Brad Patterson, a 22-point scorer a year ago, is a prime candidate to be Cabana’s set-up man this year.

But even if the Huskies’ offense can find a way to put more goals on the scoreboard, can the defense prevent the opposition from doing the same?

Tech suffered severe losses at defense with Mat Snesrud, Clint Way and Adrian Fure graduating, and the second and third defensive pairings could be a a bit suspect this year as a result.

Greg Amadio, Justin Brown and Tom Kaiman, the top three defenders, will have to tutor some newcomers quickly. Each member of that trio has seen extensive playing time in his career.

“From there, it dwindles fast,” Sertich said. “There’s going to be some kids that are fresh out of high school and some kids that are out of junior.”

With the inexperience of the new defensemen, it’ll be imperative that the Huskies get solid goaltending early in the season. Brian Rogers has the job until he loses it, Sertich said. Cam Ellsworth will be there to back Rogers up.

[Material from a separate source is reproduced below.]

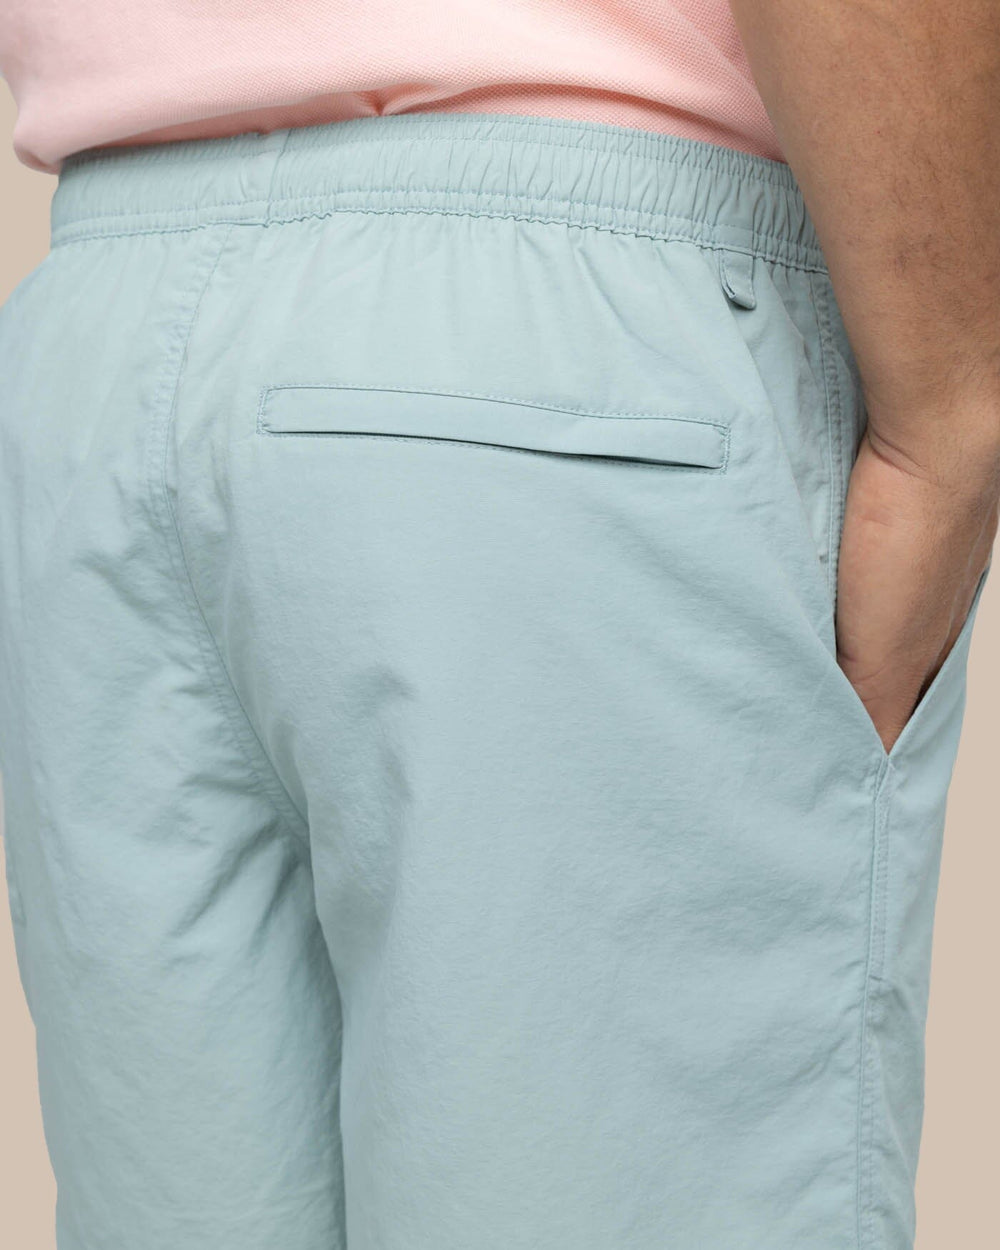 The detail view of the Southern Tide Shoreline 6 Nylon Short by Southern Tide - Green Surf

With some shortcomings on the defense, the pressure is on Rogers.

“We’re counting heavily on him, but I will not be afraid to use [Ellsworth],” Sertich said. “He’s already shown me he’s a quality goaltender. I wouldn’t be a bit surprised if he pushed him.”

The Recruits: Age Factor

At 11, the Tech recruiting class is the largest in the WCHA this season. It also features a wide age range: Forward Colin Murphy turned 21 in April, while forward Patrick Murphy’s 18th came in July.

The older players, Sertich hopes, will be able to step right into the college game.

The Schedule: Tough Start

The first four weeks of the WCHA schedule could be brutal for the Huskies. They play at St. Cloud State, at home against Minnesota and Denver and at Wisconsin.

Sertich wouldn’t be so concerned about playing those teams if they weren’t all strung together so early.

“It’s not who you play, it’s when you play them,” he said. “Some of those teams we haven’t done historically well against in the past, we’re going to catch early at home. We’re just going to have to make some hay early.”